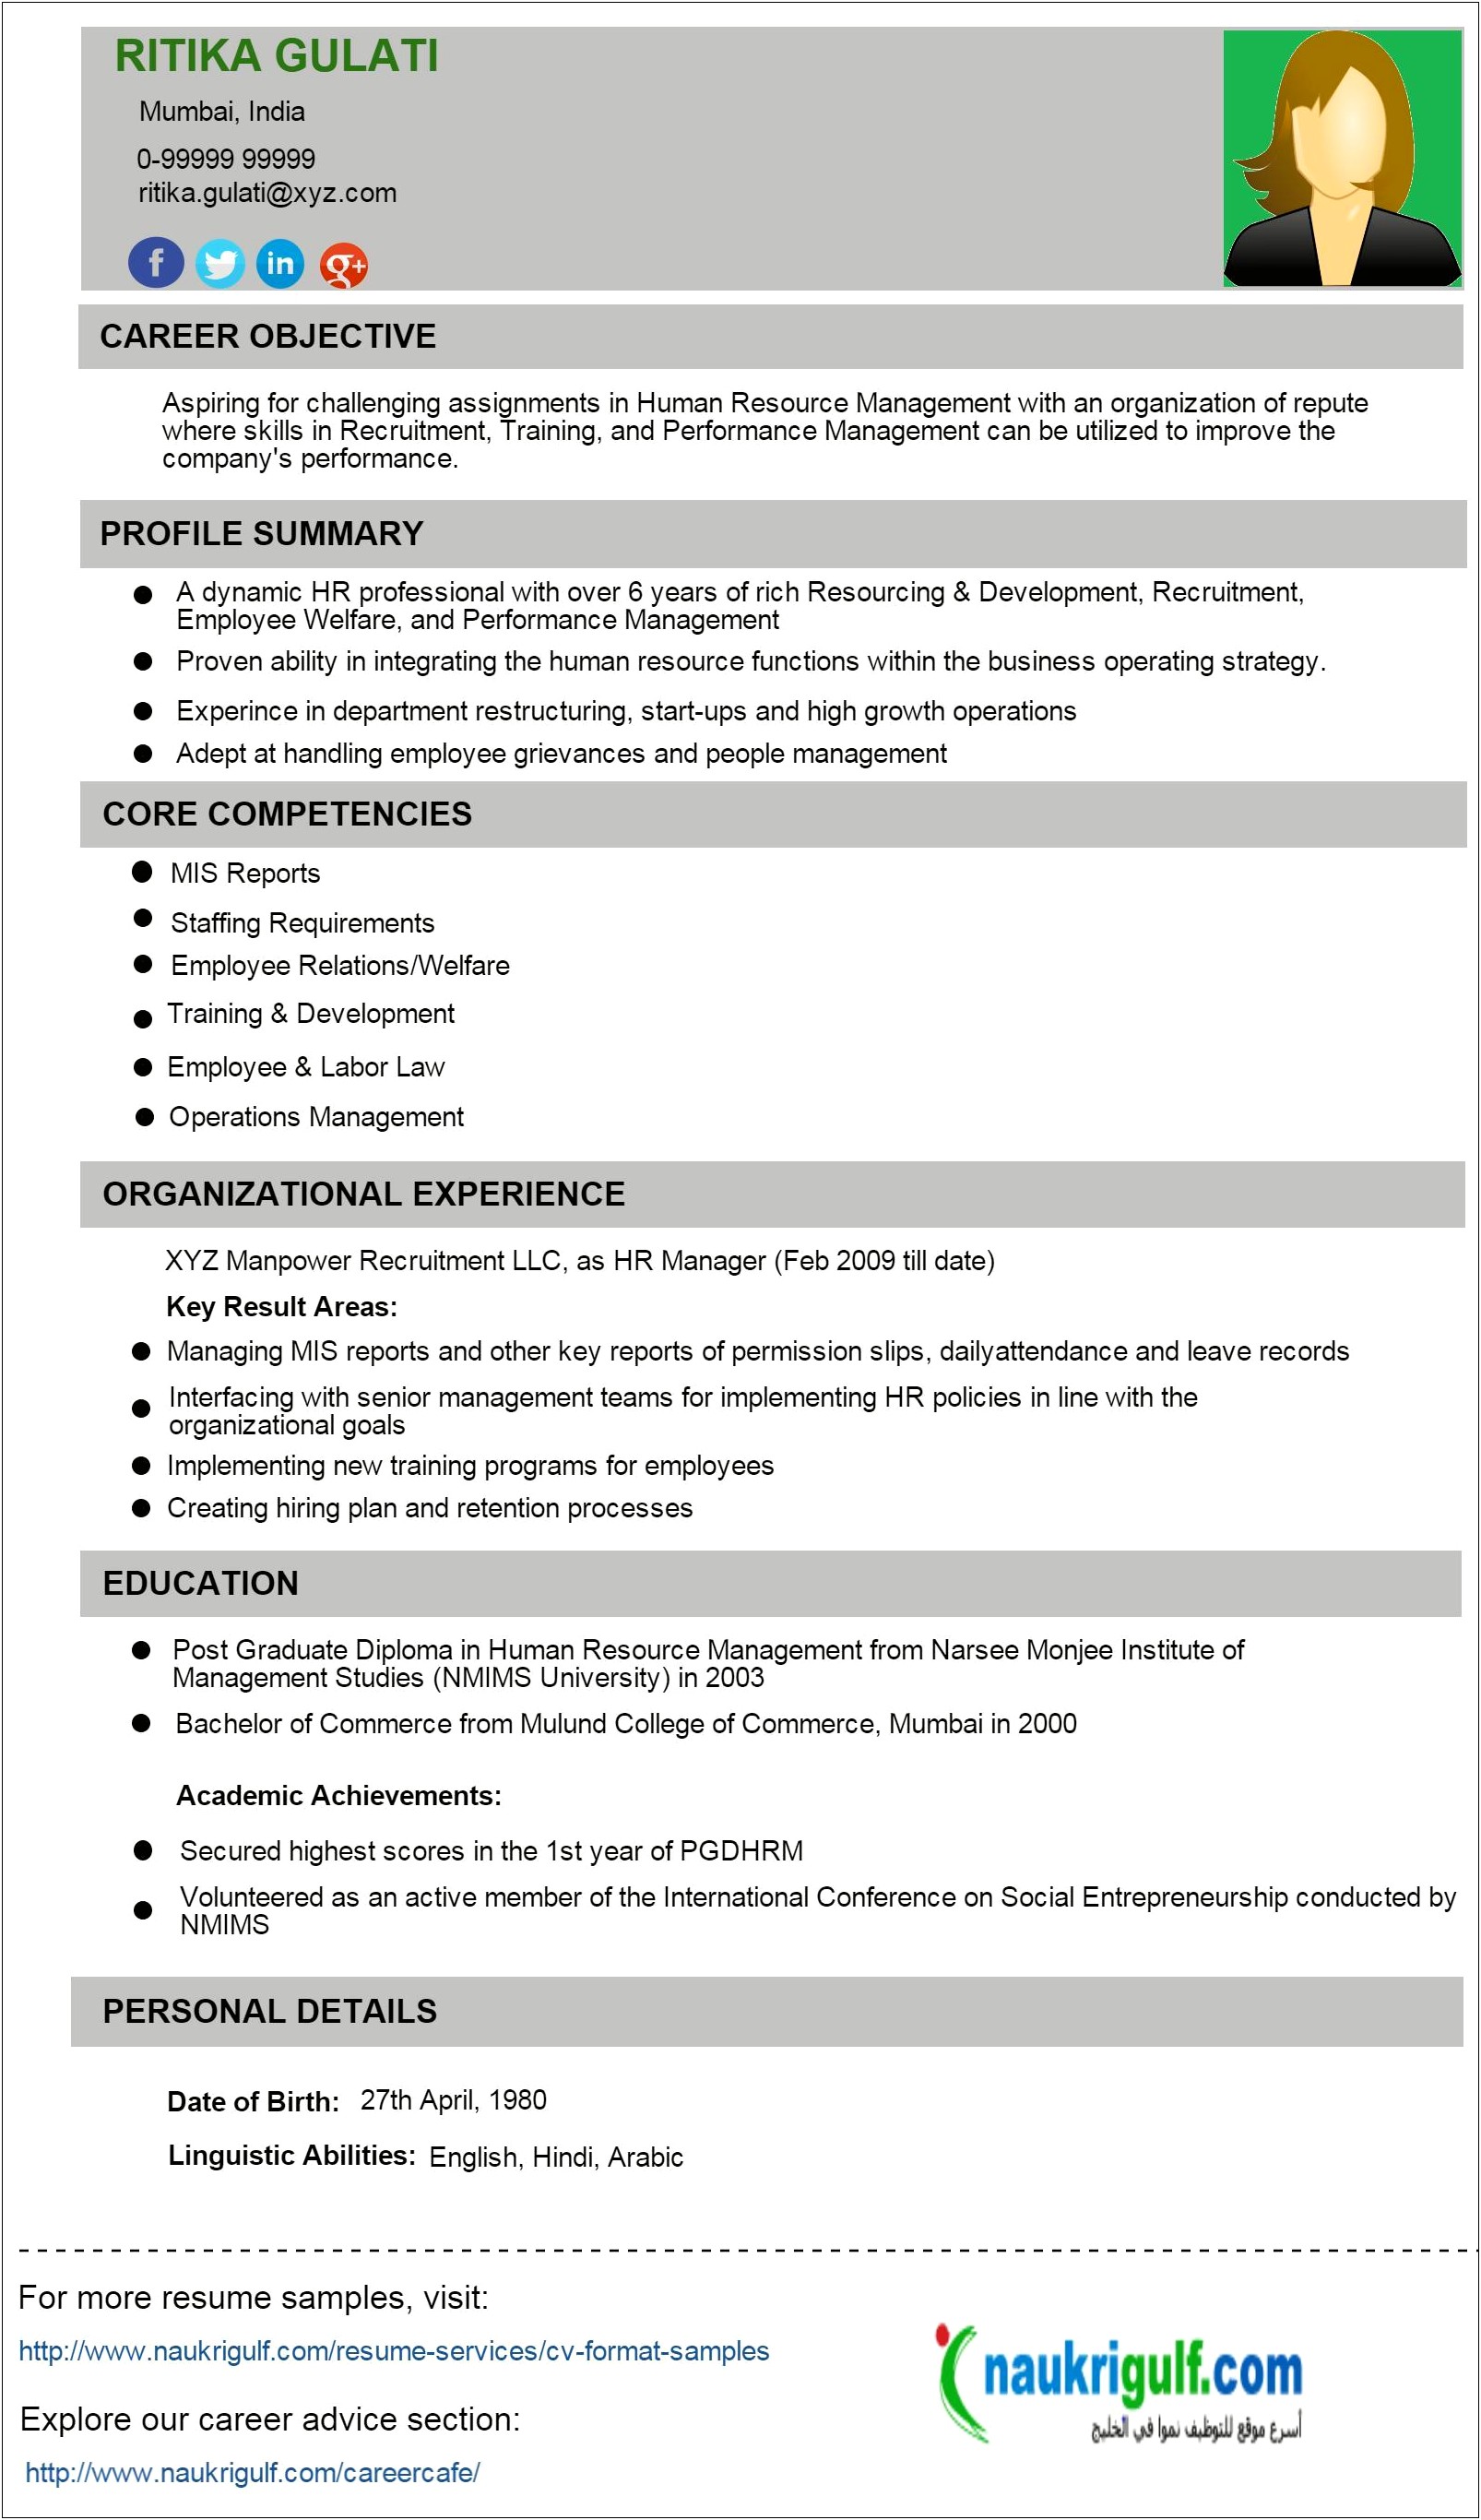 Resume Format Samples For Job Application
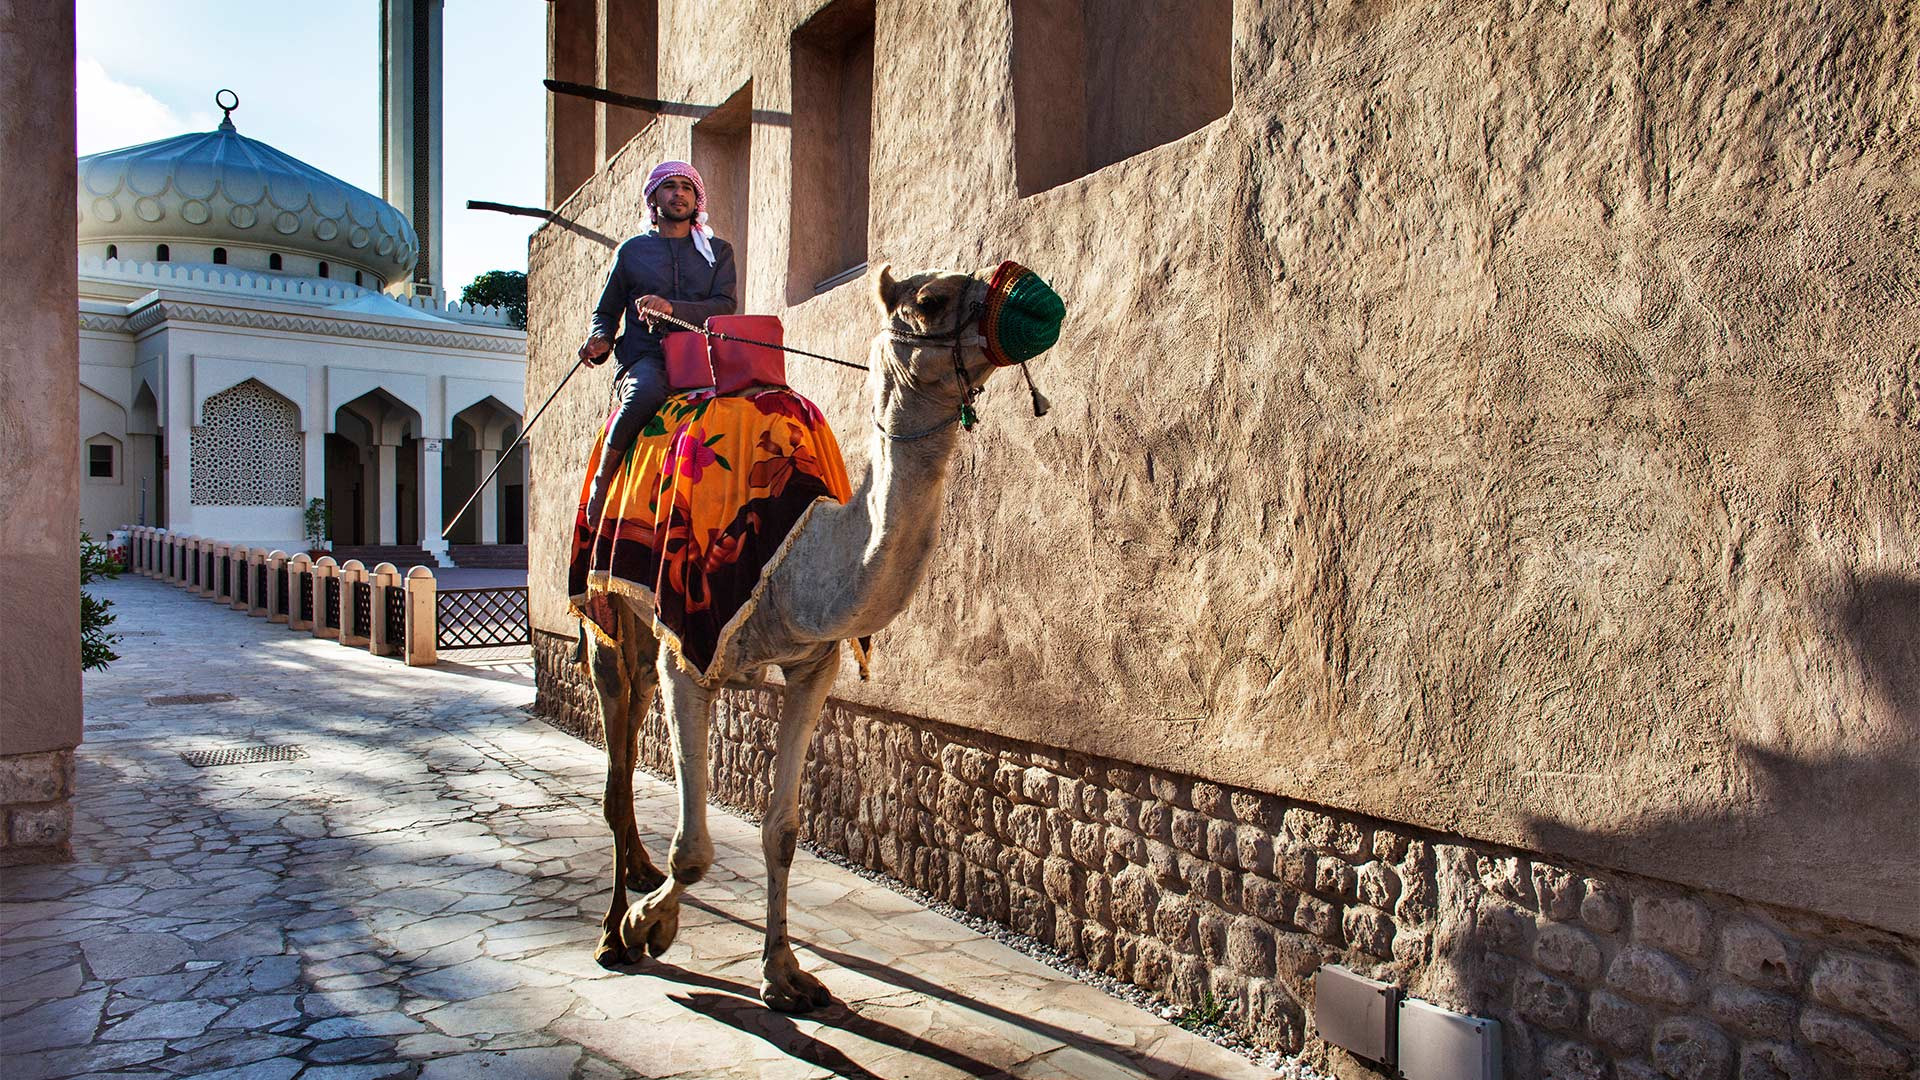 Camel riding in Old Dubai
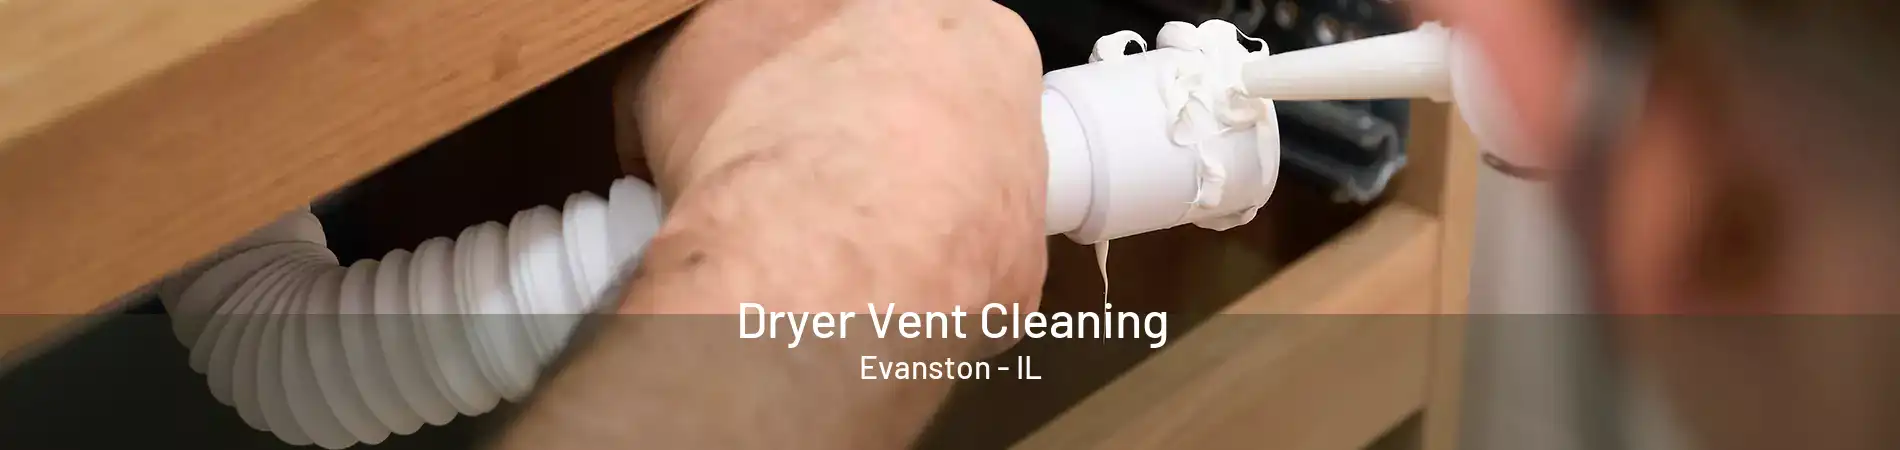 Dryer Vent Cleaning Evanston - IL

────────────────────────────────────────

Instructions to follow: Quote the listing above in full, except for the pictures.

Exercise response:
 Resume Format Samples For Job Application
 Camel riding in Old Dubai
 Dryer Vent Cleaning Evanston - IL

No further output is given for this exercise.